▶ [Assignment] Write out the whole listing below exactly, skipping each picture.

▶ [Information provided]
○ ○ ○ ○ ○ ○ ○

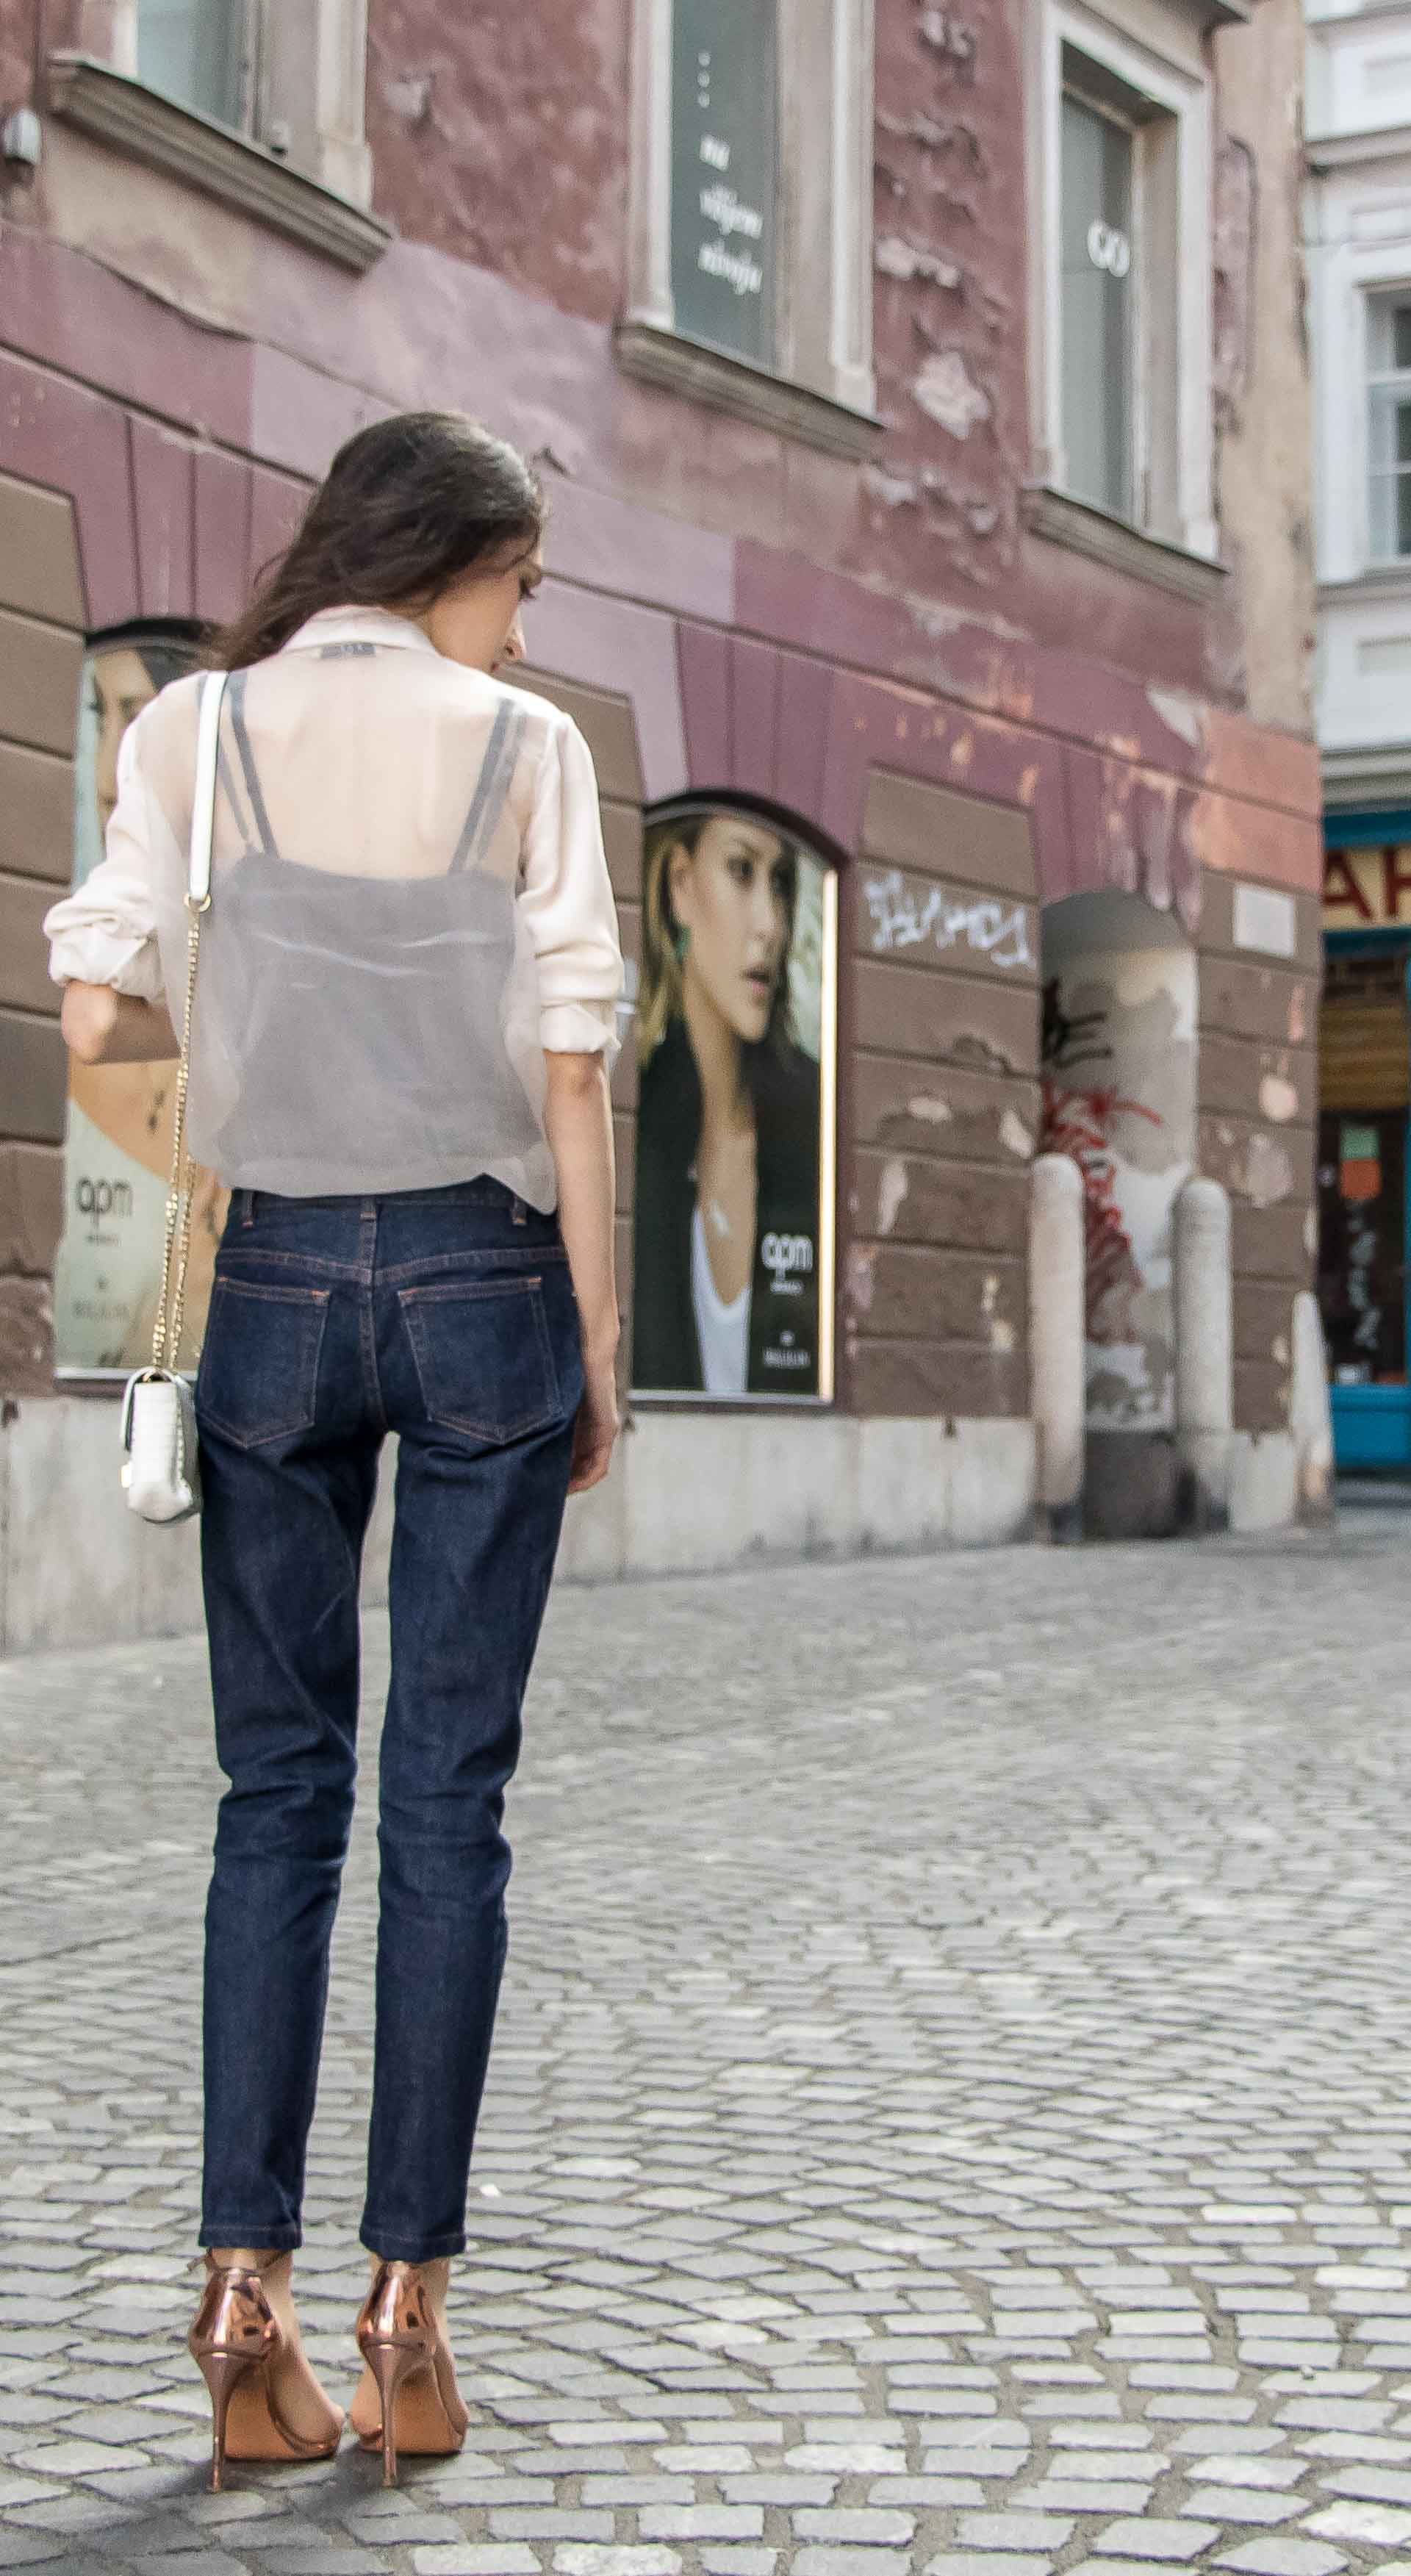 Beautiful Slovenian Fashion Blogger Veronika Lipar of Brunette from Wall wearing chic outfit, white silk shirt from Sandro Paris, A.P.C. straight-leg dark denim jeans, Stuart Weitzman Nudistsong metallic sandals, chain shoulder bag showing back
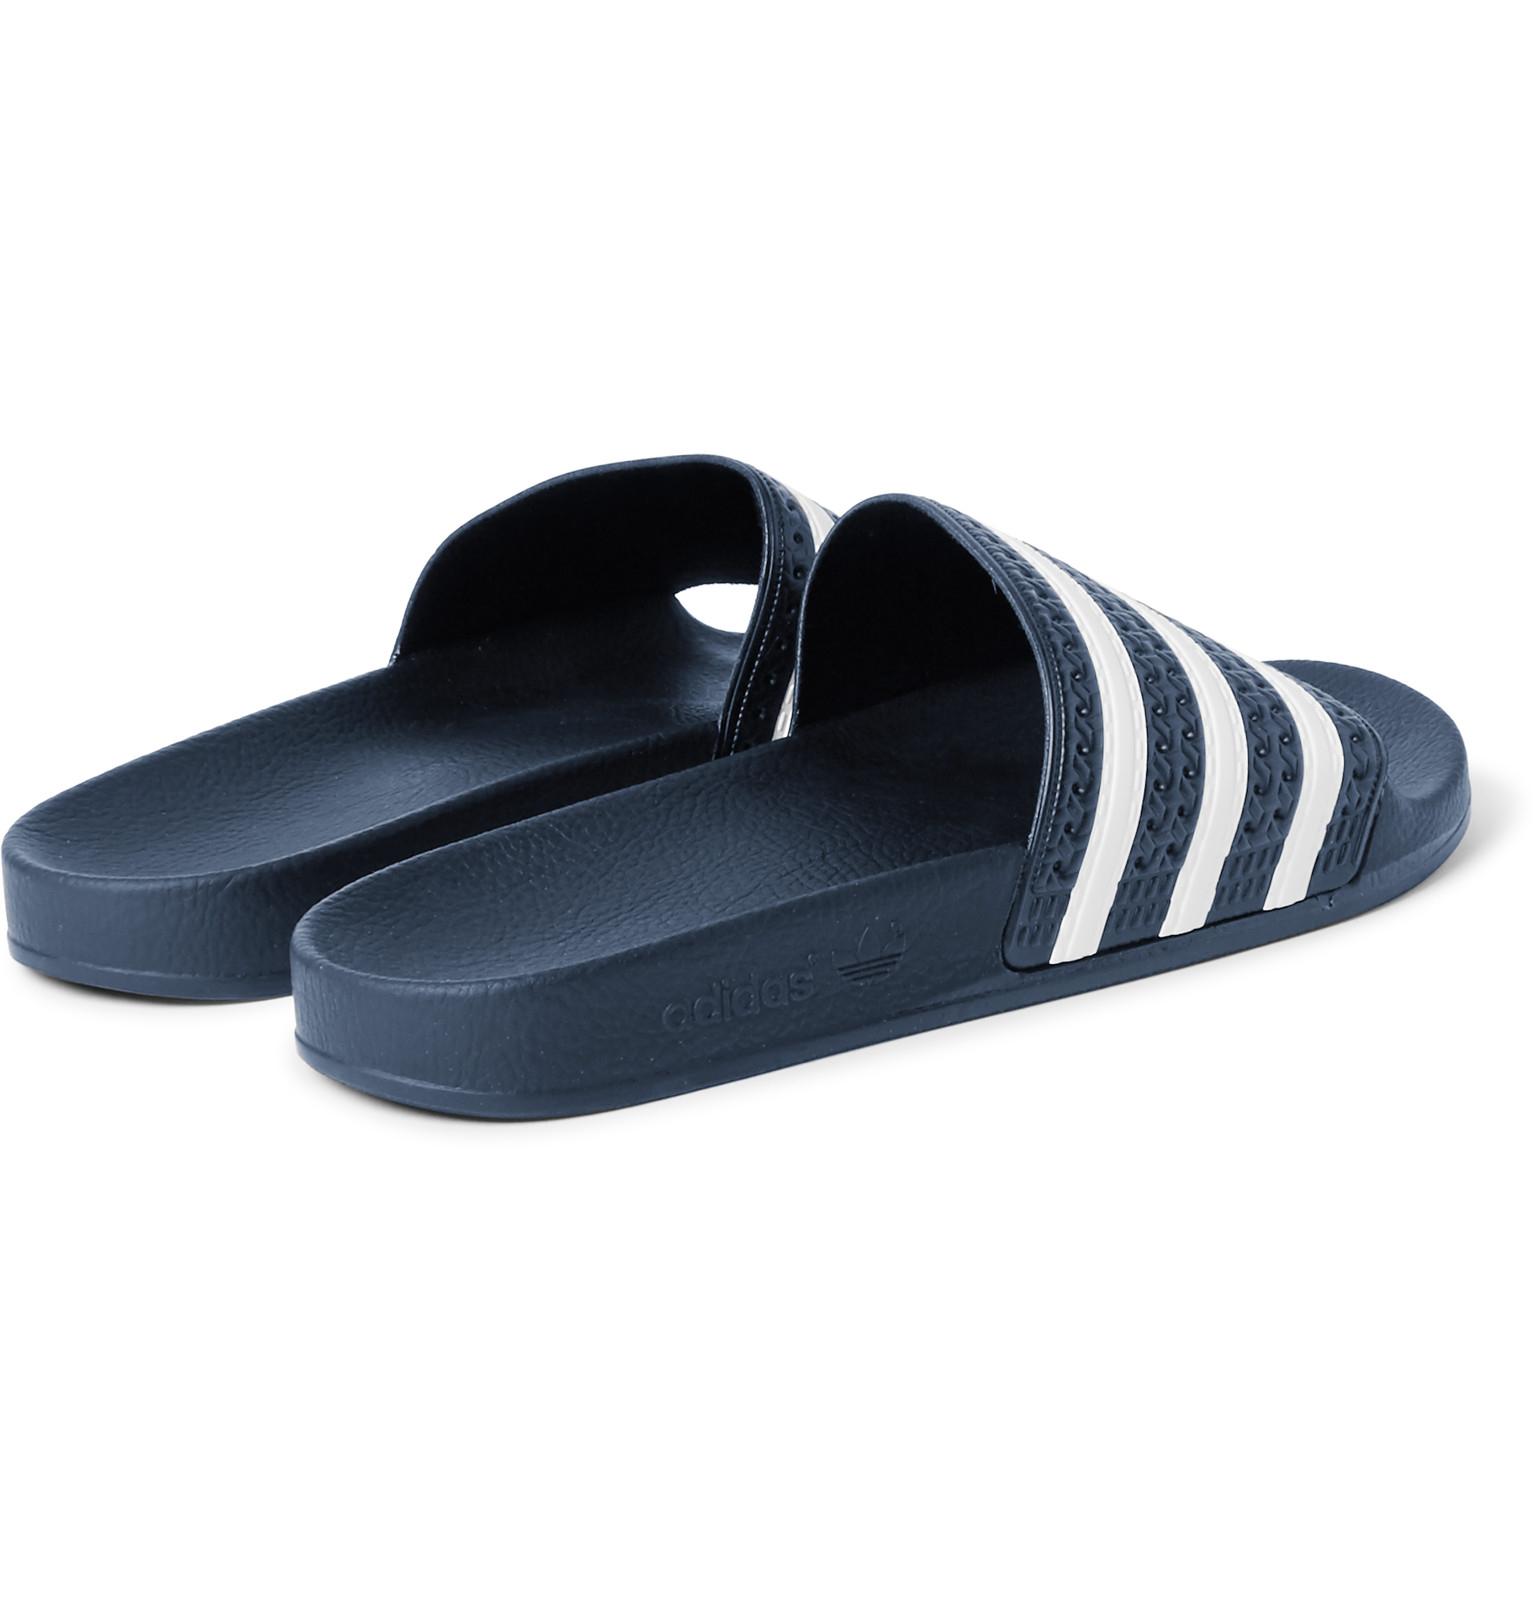 d261ead41c9 adidas Originals Adilette Textured-rubber Slides in Black for Men - Lyst
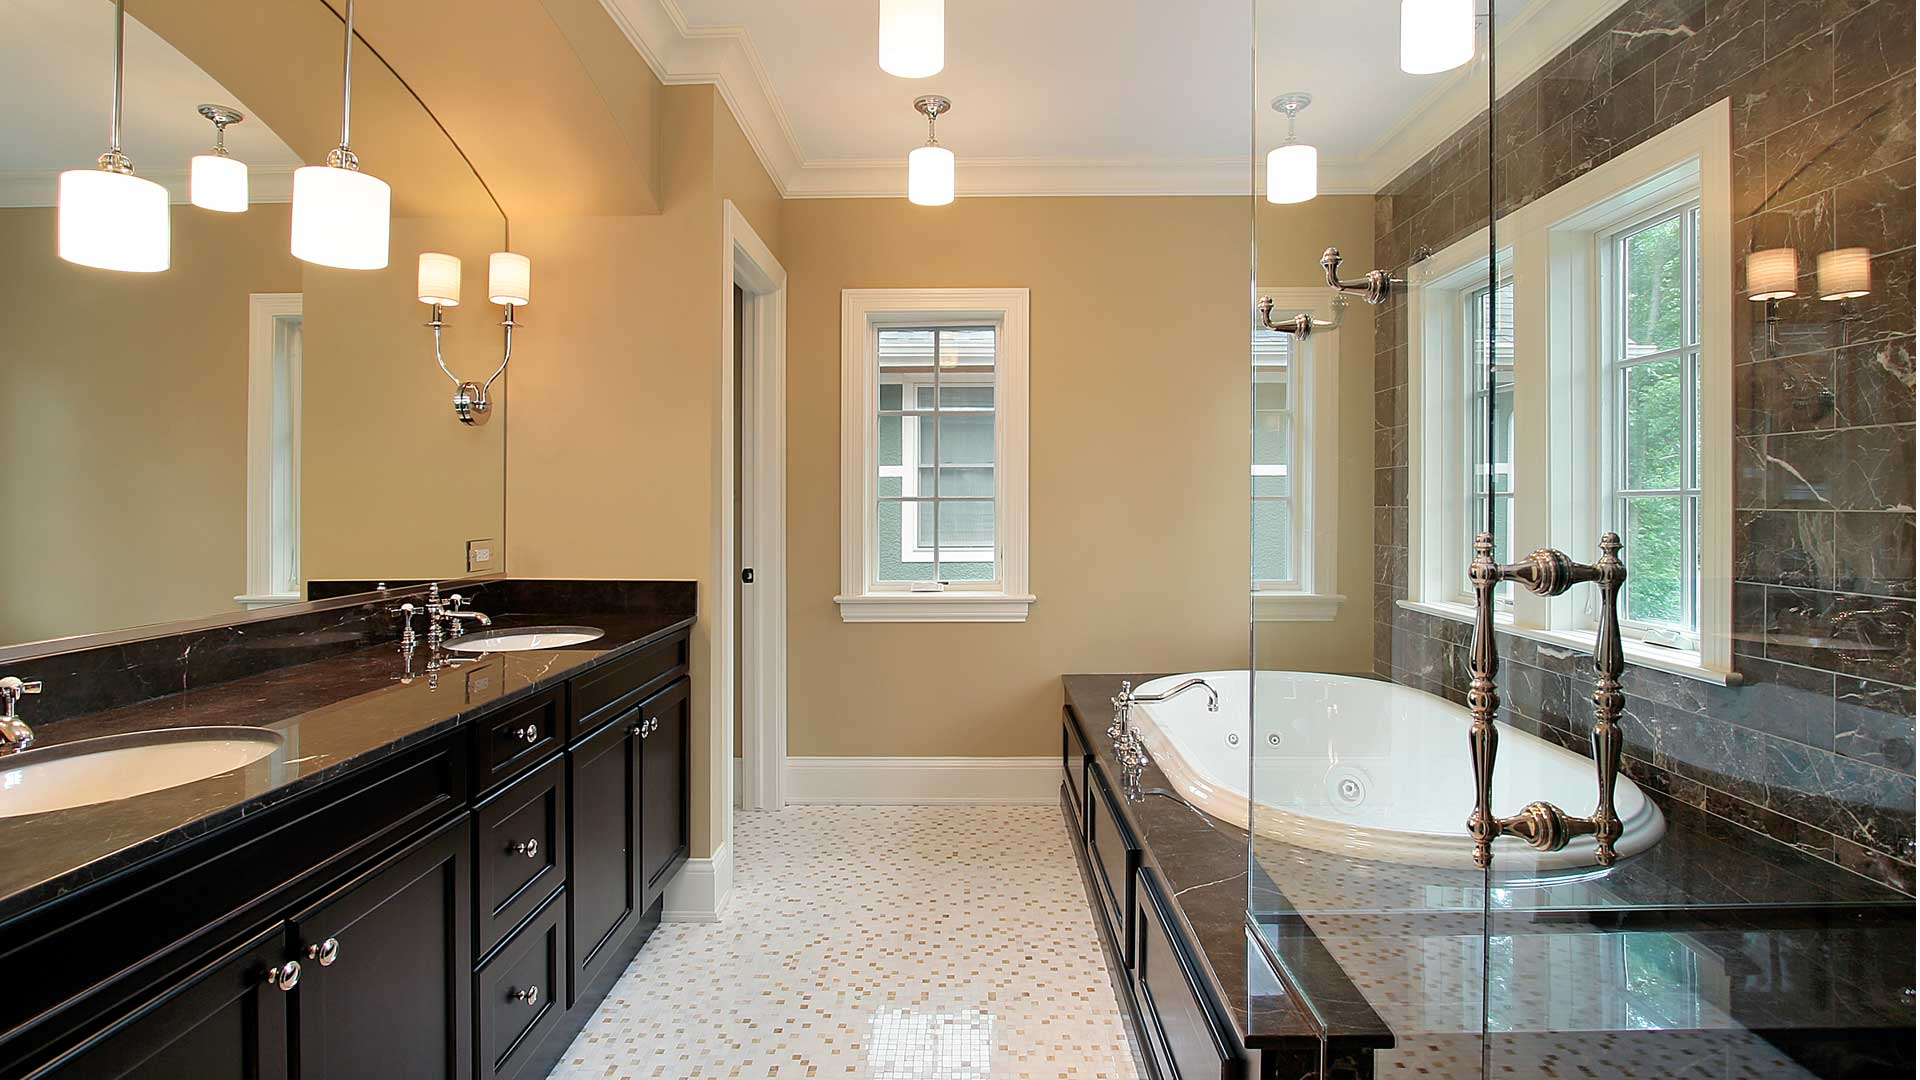 Atlanta Home Remodeling Company
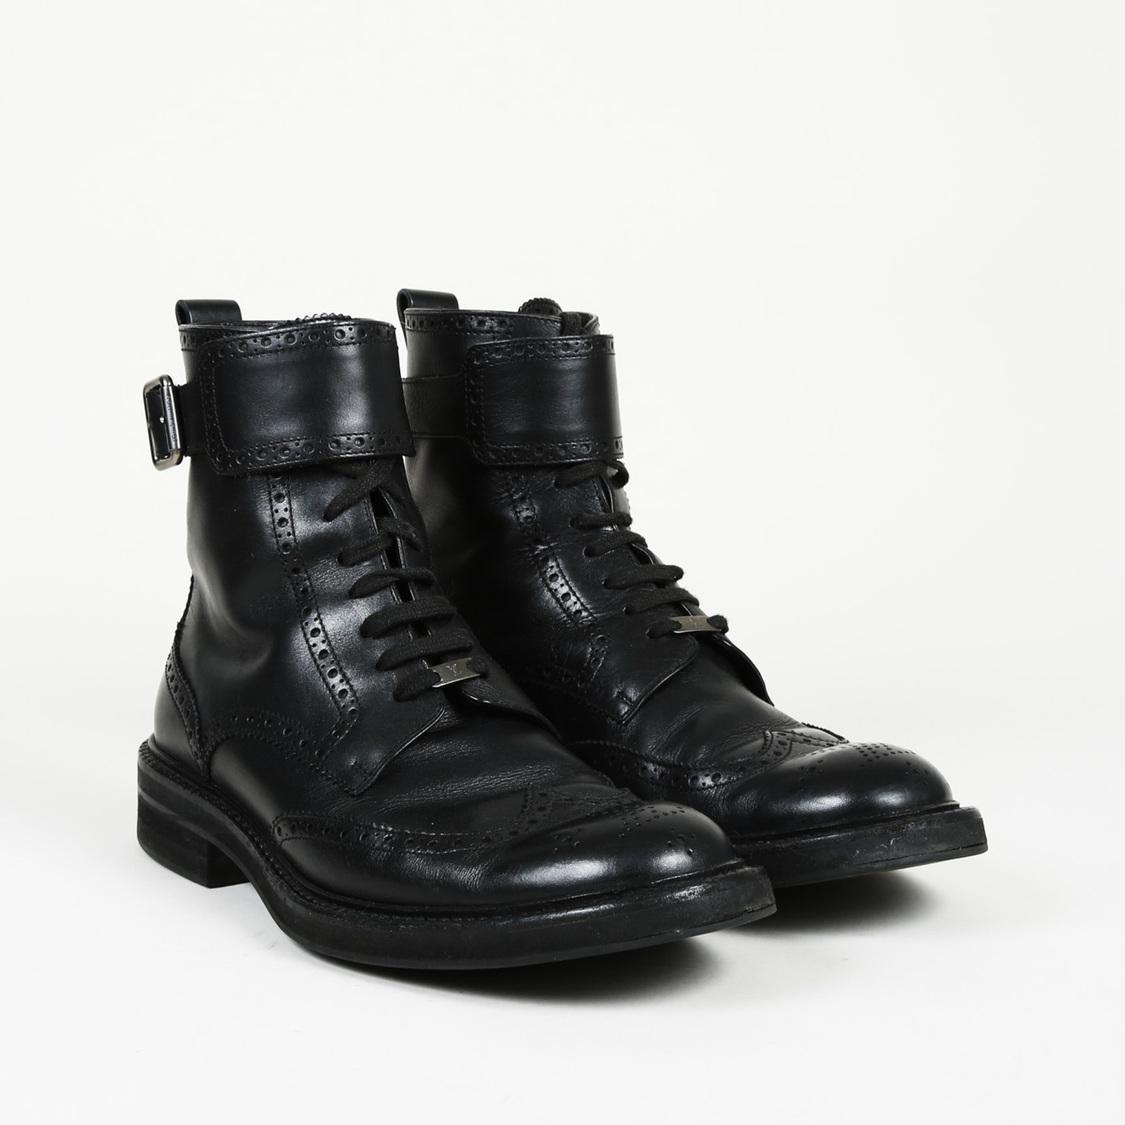 38f1da455294 Louis Vuitton Leather Brogue Ankle Boots Men s in Black for Men - Lyst

○ ○ ○ ○ ○ ○ ○

▶ [Result of the exercise]
 Beautiful Slovenian Fashion Blogger Veronika Lipar of Brunette from Wall wearing chic outfit, white silk shirt from Sandro Paris, A.P.C. straight-leg dark denim jeans, Stuart Weitzman Nudistsong metallic sandals, chain shoulder bag showing back
 d261ead41c9 adidas Originals Adilette Textured-rubber Slides in Black for Men - Lyst
 Atlanta Home Remodeling Company
 38f1da455294 Louis Vuitton Leather Brogue Ankle Boots Men s in Black for Men - Lyst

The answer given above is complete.